Expanded Oversight of Illegal Discrimination as an Unfair Practice
In the UDAAP Blog Post, the Bureau announced, “[in] the course of examining banks’ and other companies’ compliance with consumer protection rules, the CFPB will scrutinize discriminatory conduct that violates the federal prohibition against unfair practices. The CFPB will closely examine financial institutions’ decision-making in advertising, pricing, and other areas to ensure that companies are appropriately testing for and eliminating illegal discrimination.” By expanding the scope of what is considered “unfair” the Bureau asserts it can review practically any activity in the consumer finance process, and initiate enforcement action against a financial institution for discriminatory practices under its broad unfair, deceptive, or abusive acts or practices (“UDAAP”) authority. An act or practice is unfair when: (1) it causes or is likely to cause substantial injury to consumers; (2) the injury is not reasonably avoidable by consumers; and (3) the injury is not outweighed by countervailing benefits to consumers or to competition.
The CFPB also released an updated UDAAP section of its examination manual (the “Exam Manual”) that financial institutions should carefully review. The updated Exam Manual notes that “[c]onsumers can be harmed by discrimination regardless of whether it is intentional. Discrimination can be unfair in cases where the conduct may also be covered by ECOA, as well as in instances where ECOA does not apply.” “The CFPB will examine for discrimination in all consumer finance markets, including credit, servicing, collections, consumer reporting, payments, remittances, and deposits. CFPB examiners will require supervised companies to show their processes for assessing risks and discriminatory outcomes, including documentation of customer demographics and the impact of products and fees on different demographic groups. The CFPB will look at how companies test and monitor their decision-making processes for unfair discrimination, as well as discrimination under ECOA.”
This expanded oversight also extends to marketing activities. Commenting in the UDAAP Blog Post, Bureau enforcement and supervisions staff stated, “[c]ertain targeted advertising and marketing, based on machine learning models, can harm consumers and undermine competition. Consumer advocates, investigative journalists, and scholars have shown how data harvesting and consumer surveillance fuel complex algorithms that can target highly specific demographics of consumers to exploit perceived vulnerabilities and strengthen structural inequities.

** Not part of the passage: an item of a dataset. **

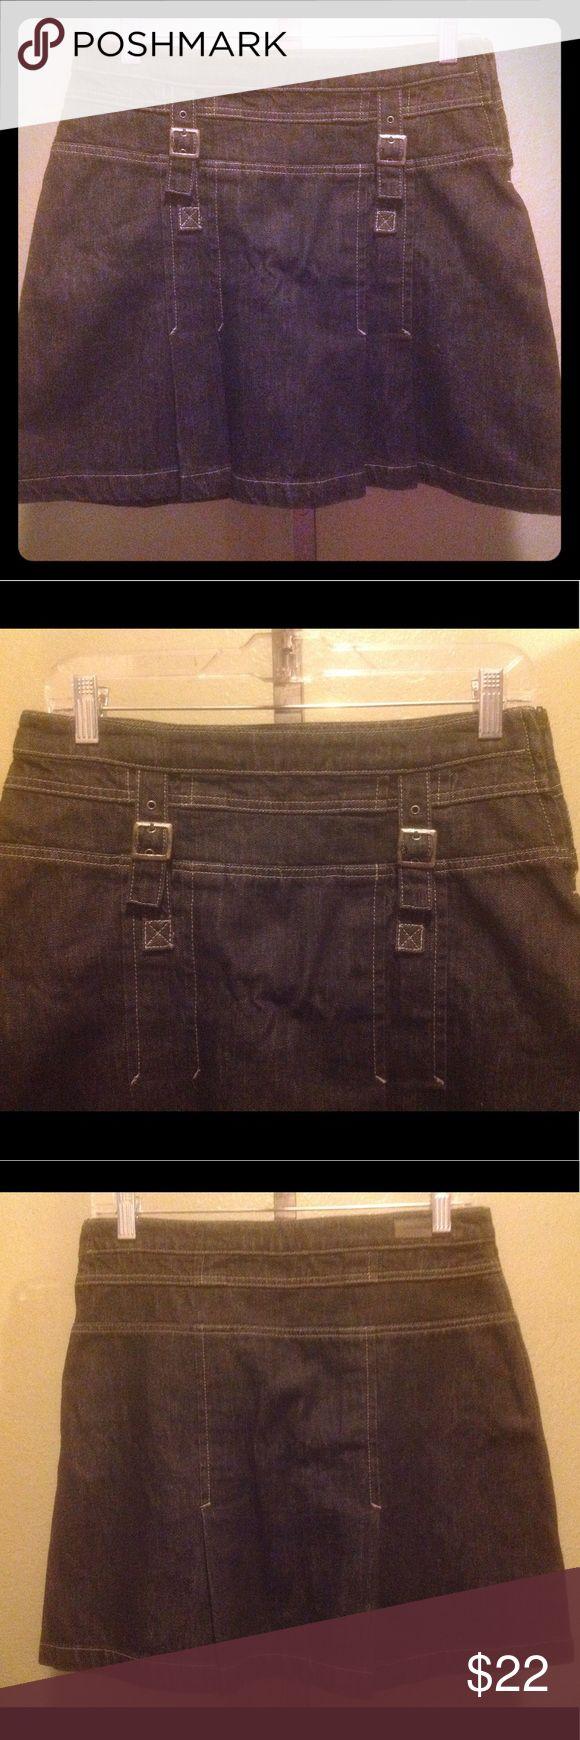 SALE 💄 Calvin Klein denim skirt size 4 EUC black denim skirt. Size 4 Calvin Klein Jeans Skirts Mini

We will be closely examining companies’ reliance on automated decision-making models and any potential discriminatory outcomes.”
Robo-Discrimination or Algorithmic Redlining
The CFPB describes “Robo-Discrimination” or “Algorithmic Redlining” is the practice of applying artificial intelligence and other technology to a financial institutions underwriting process to achieve a discriminatory outcome, regardless of how facially neutral that underwriting process may be. CFPB Director Chopra, speaking at the announcement of the Trustmark National Bank settlement5 commented,
[w]e will also be closely watching for digital redlining, disguised through so-called neutral algorithms, that may reinforce the biases that have long existed. . . .While machines crunching numbers might seem capable of taking human bias out of the equation, that’s not what is happening. Findings from academic studies and news reporting raise serious questions about algorithmic bias. . . Too many families were victimized by the robo-signing scandals from the last crisis, and we must not allow robo-discrimination to proliferate in a new crisis. I am pleased that the CFPB will continue to contribute to the all-of-government mission to root out all forms of redlining, including algorithmic redlining.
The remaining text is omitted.